Von der Bildqualität in Spielen usw. habe ich persönlich da eigentlich keinen Unterschied gesehen ob DVI oder VGA. Ist schon schön Full HD zu haben, im Officebetrieb bei VGA allerdings merkt man nach einiger Zeit, dass das Bild unscharf wird und man ab und zu mal "Auto adjust" anschmeißen muss damit die Schrift wieder Scharf ist. Das gibt es bei DVI nicht, da die Daten digital übertragen werden und das Bild immer gestochen scharf ist.


----------



## montecuma (7. Februar 2011)

*AW: DVI/VGA Qualitätsunterschied?*

Ein 1080p TFT der kein DVI hat? Welches Modell ist denn das bitte?
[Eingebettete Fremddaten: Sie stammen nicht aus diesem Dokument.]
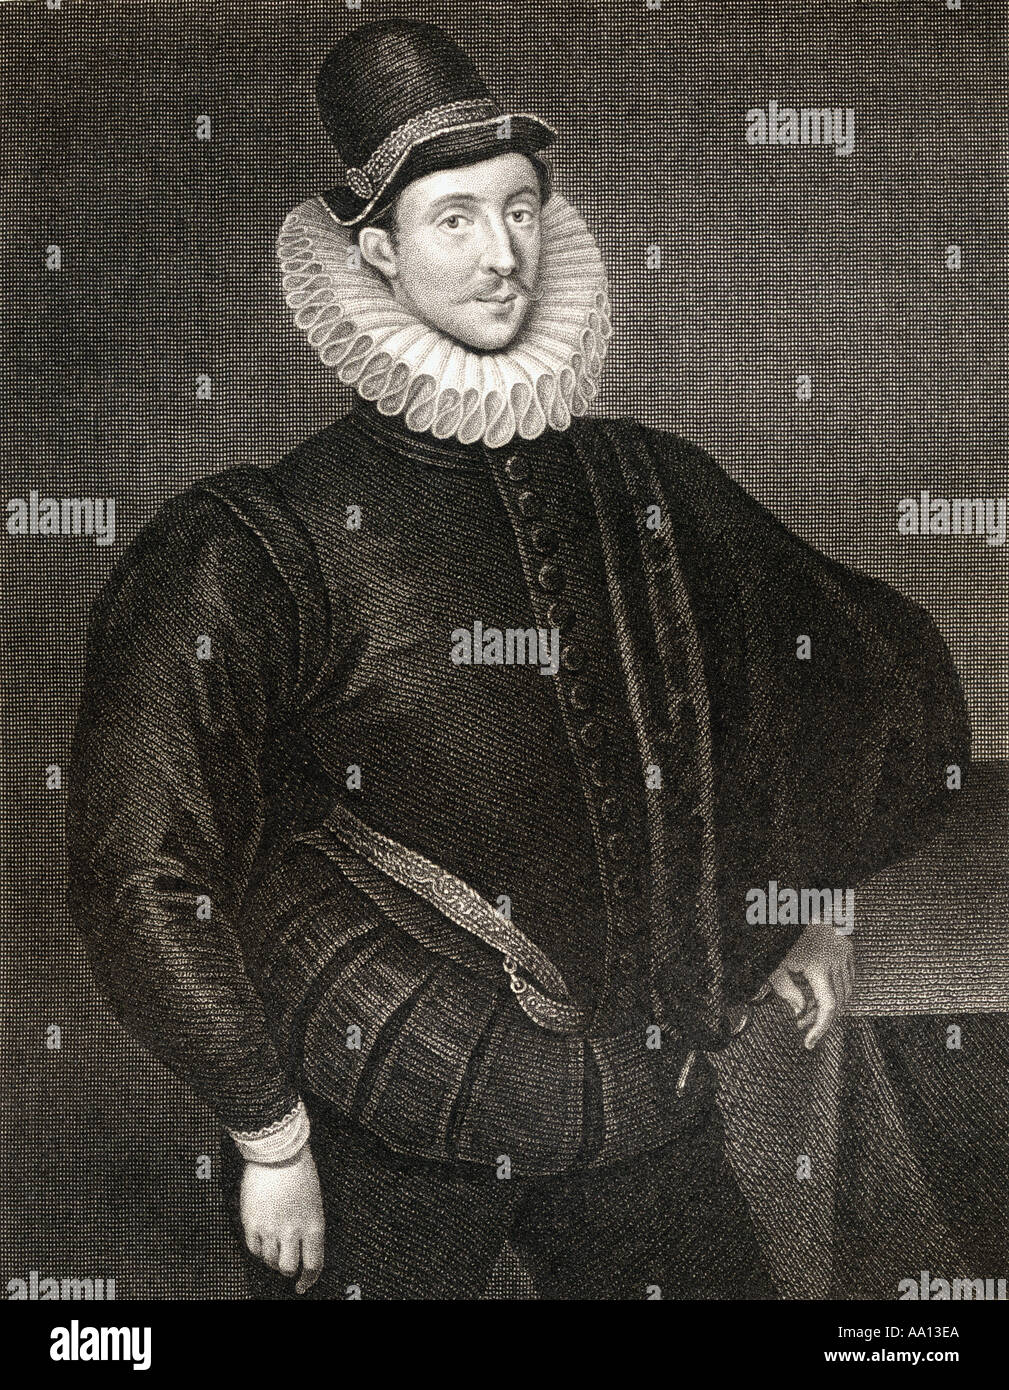 Fulke Greville, 1st Baron Brooke, 1554 to 1628.  English philosophical poet and exponent of a plain style of writing. Stock Photo
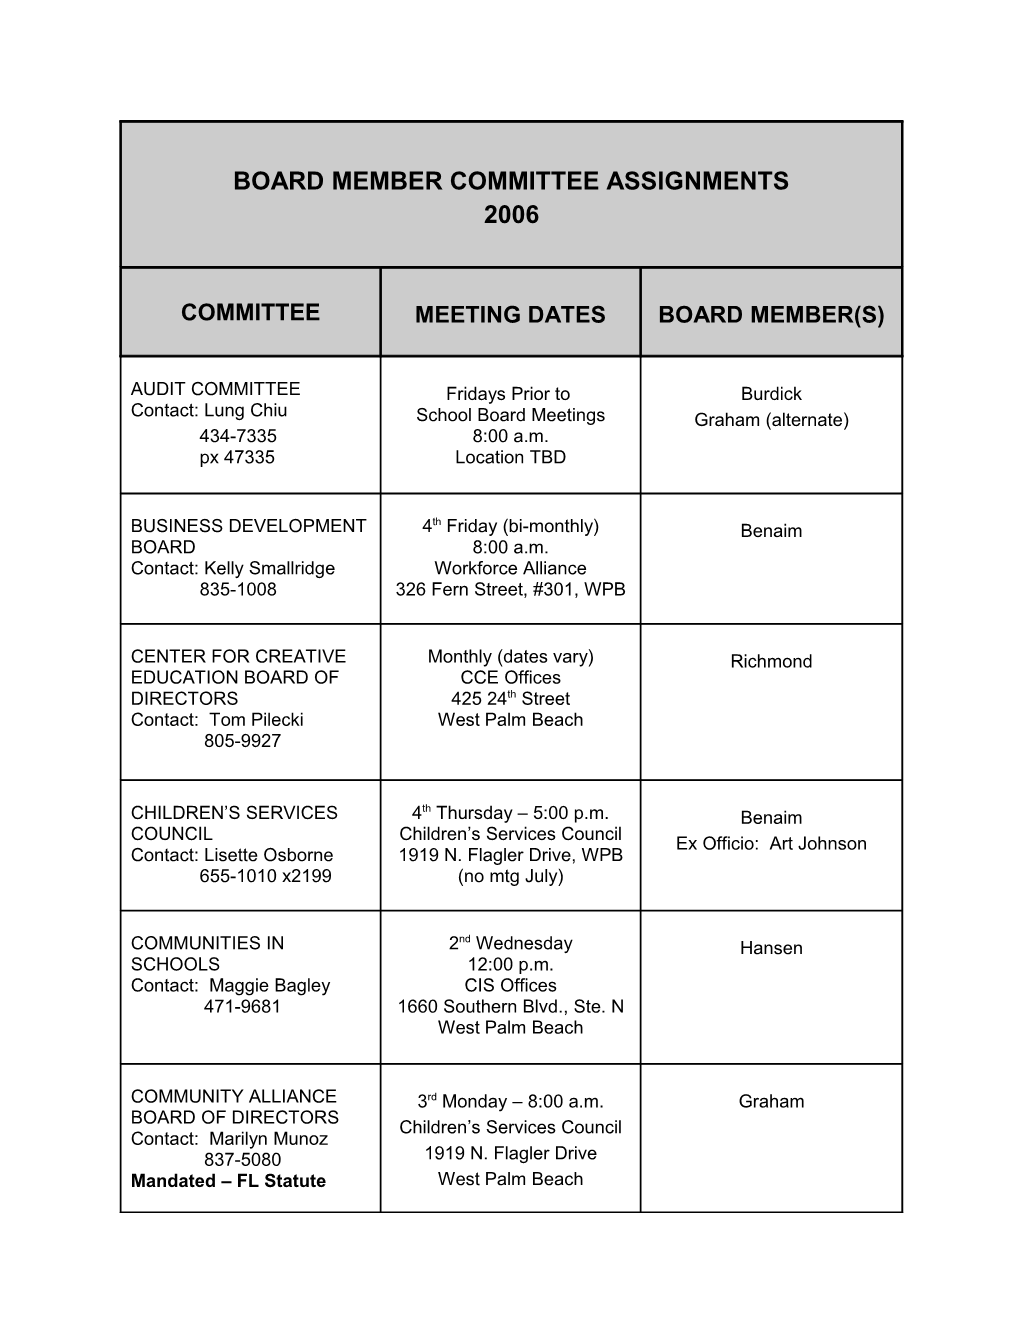 2003 Board Member Committee Assignments

Was besser ist musst du selber testen, manche stören die VGA Nachteile weniger, manche mehr (ich würds kategorisch ablegen, da die Unschärfe (auch wenn mans kaum merkt, aud Dauer nicht gut für die Augen sein kann). Wenn du beide nebeneinander stehen hast sollte es am deutlichsten sein


----------



## Gosu (7. Februar 2011)

*AW: DVI/VGA Qualitätsunterschied?*

Wenn ich zuhause bin kann ich mal die Modellbezeichnung durchgeben. Hab die als bei uns Saturn neu aufgemacht hat für 99€ das Stück bekommen anstatt 199€. Sind eigentlich sehr gut, aber jetzt hab ich mir ne 580 gegönnt und wenn die ankommt werde ich das "Problem" mal angehen.


----------



## wolfpower (7. Februar 2011)

*AW: DVI/VGA Qualitätsunterschied?*

DVI ist klar besser da digital.

Dass DVI mehr Bildqualität bringt, 
ist aber schon seit Jahren kein Geheimnis mehr. 

Man braucht nur mal kurz googeln oder selbst vergleichen.


----------



## Leandros (7. Februar 2011)

Wo genau sind denn die Qualitäts unterschiede vin VGA bzw DVI bemerkbar? Welche sind es?


----------



## pcfreak26 (7. Februar 2011)

*AW: DVI/VGA Qualitätsunterschied?*

DVI ganz klar, weil somit die Digital->Analog (Grafikkarte) und Analog->Digital (Monitor) Wandler weg fallen!


----------



## wolfpower (7. Februar 2011)

*AW: DVI/VGA Qualitätsunterschied?*



Leandros schrieb:


> Wo genau sind denn die Qualitäts unterschiede vin VGA bzw DVI bemerkbar? Welche sind es?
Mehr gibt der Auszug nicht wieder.